Five large exchange-traded funds that trade stocks, bonds or commodities are about to record their first week of losses side by side in a month. Each has fallen by at least 0.8% in four sessions, and their simultaneous decline puts them at the third-worst level since October.

The broad declines accelerated after the Federal Reserve confirmed on Wednesday that it believes borrowing costs will remain high next year. Due to the strength of the American economy. In forecasts, 12 out of 19 officials said they expect another rise in interest rates this year and expect fewer cuts than previously expected, partly due to a stronger labor market.

“Many investors were waiting for the Fed to align with market expectations — they thought the Fed would adjust its thinking to be more in line with markets,” said Chris Gaffney, head of global markets at EverBank. “Instead, the Fed is standing firm, and now the market has to adjust to the Fed.”

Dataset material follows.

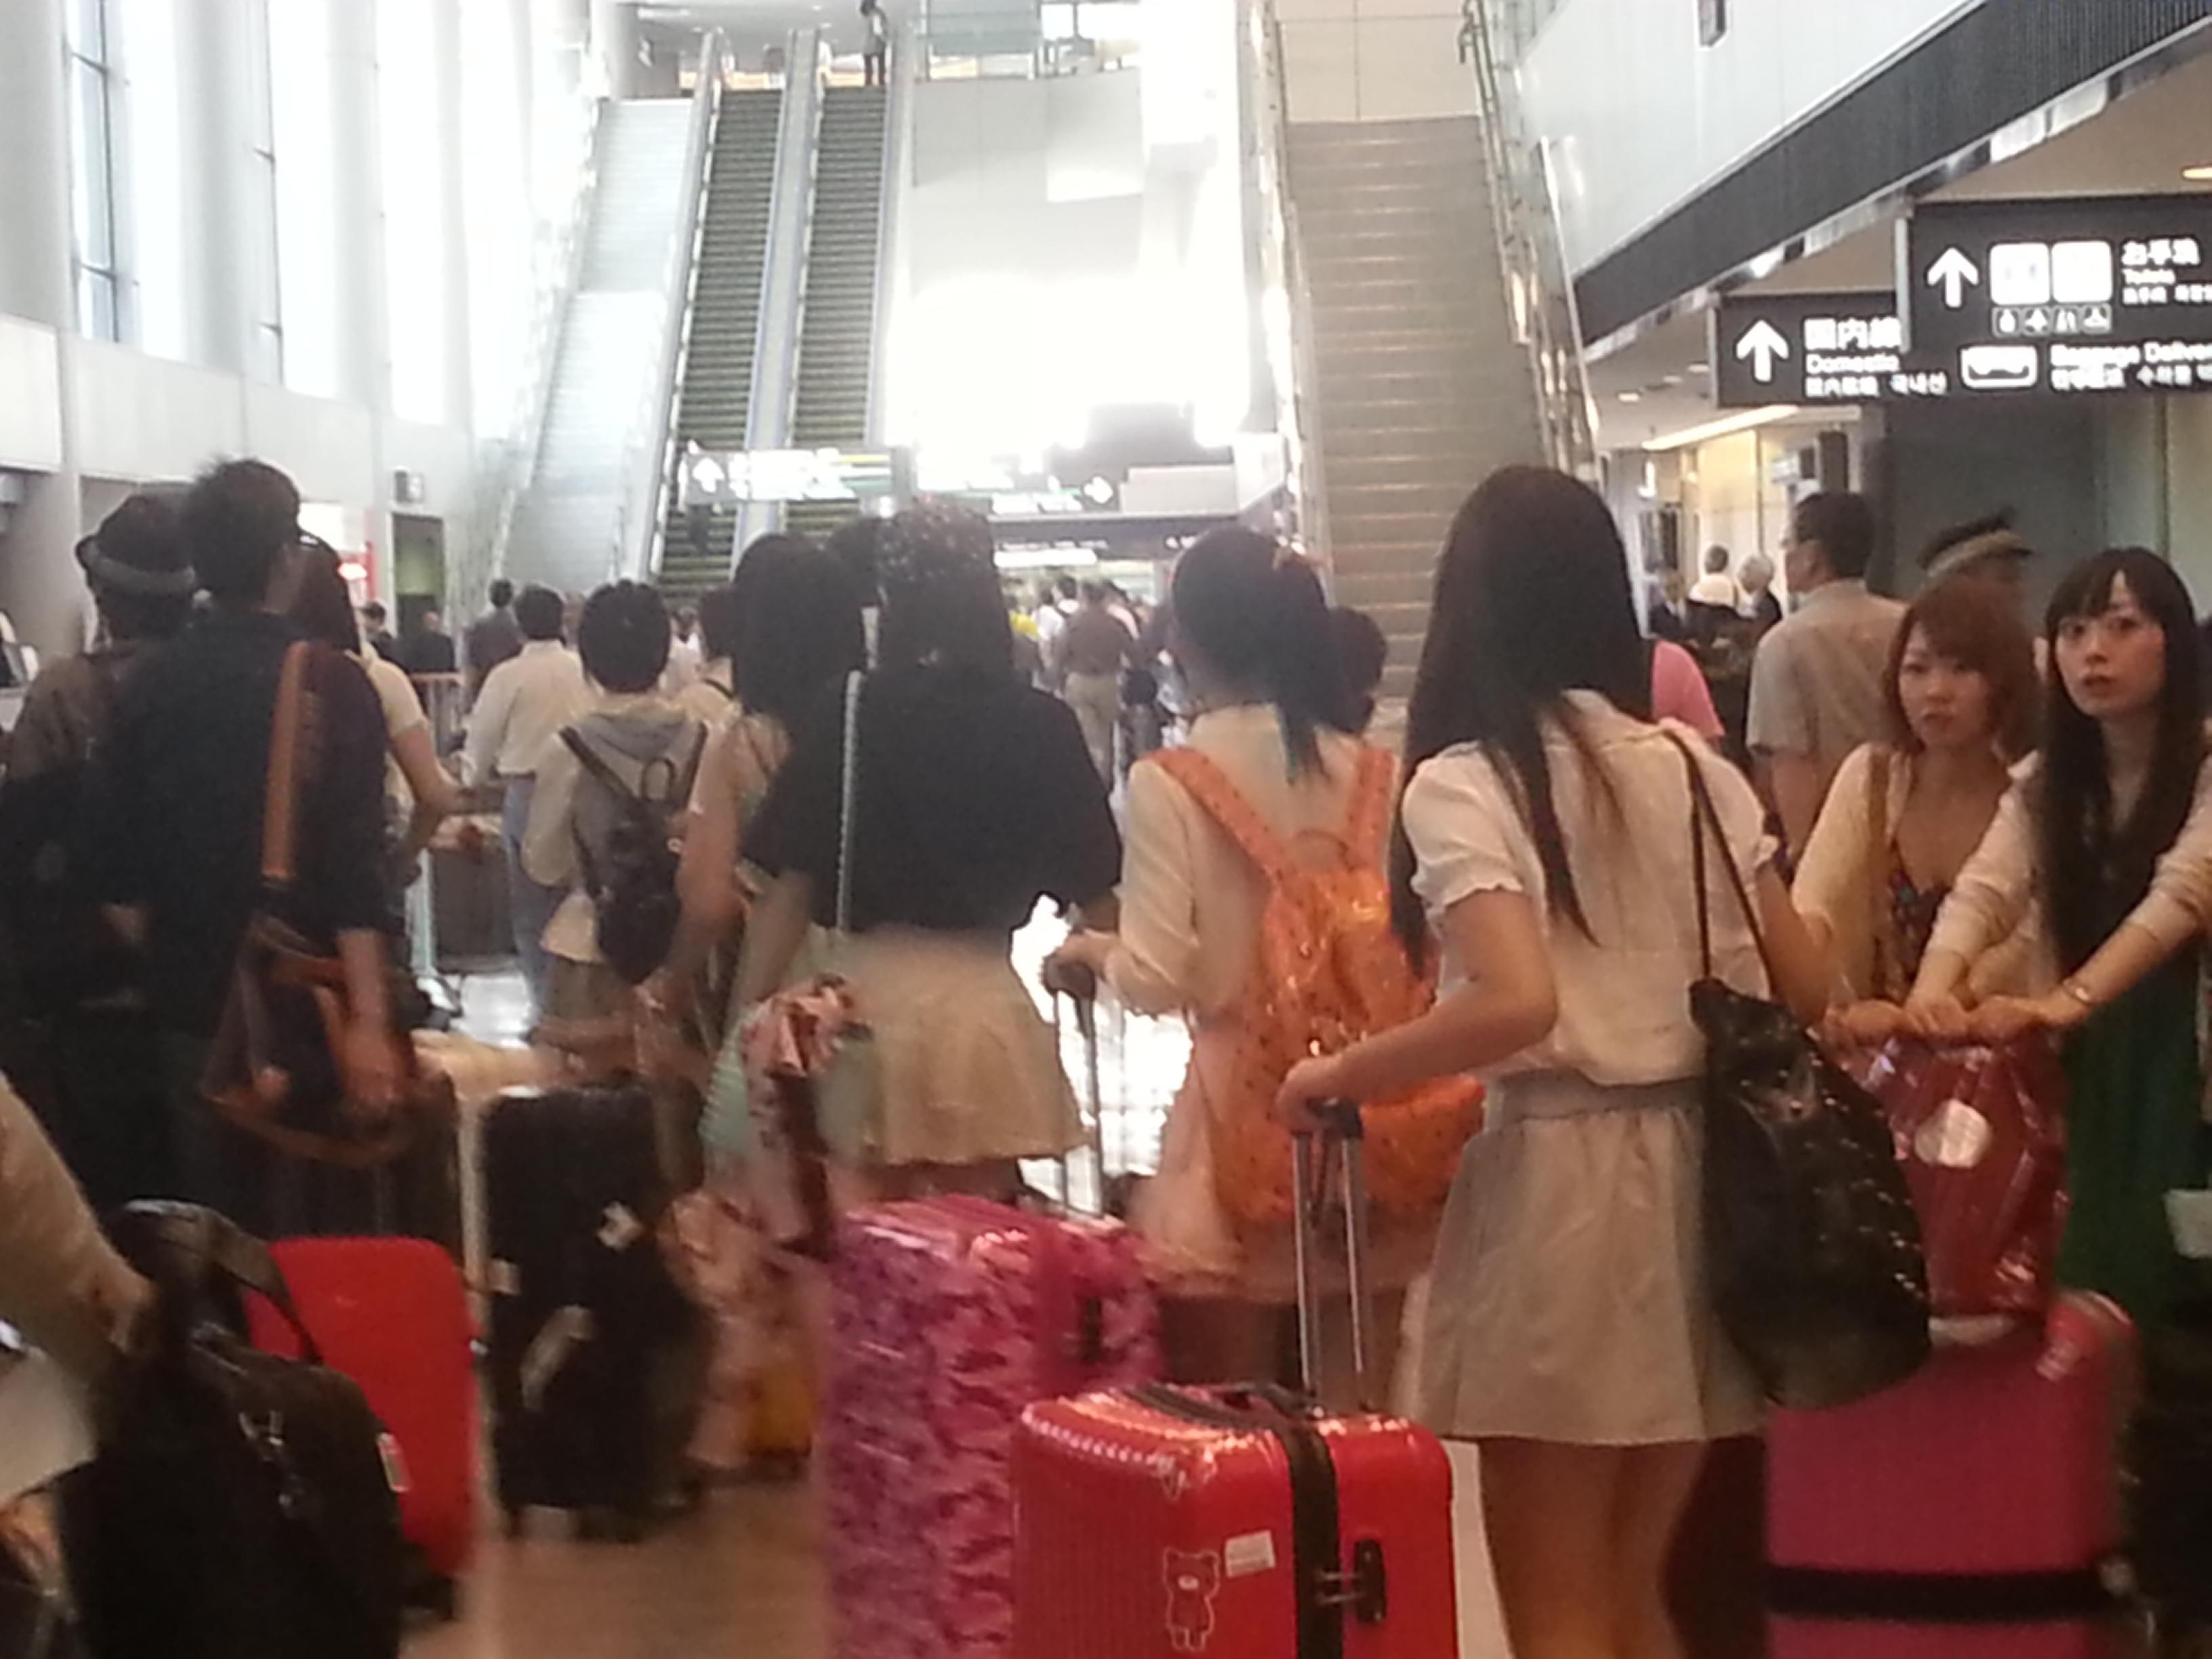 【SNH48】AKB48総選挙に6人のメンバーが来日決定!6月6日到着便予想(笑)

The Standard & Poor’s 500 index fell on Thursday for the third day in a row, down 2% in that period. The Nasdaq 100 did even worse, losing 3%. According to HSBC Holdings plc, if the Fed sticks to its message of raising interest rates for longer, real yields could rise, triggering a broader sell-off.

The central bank is more aggressive than the market, and under a scenario of higher interest rates for a longer period, real yields could rise again. Max Ketner and Duncan Thoms, strategists at HSBC, believe that this scenario would be “worrying” and could lead to a general sell-off similar to the one that occurred in 2022. They both cite data from the past two years showing that rising real yields tend to hurt both equities and sovereign debt.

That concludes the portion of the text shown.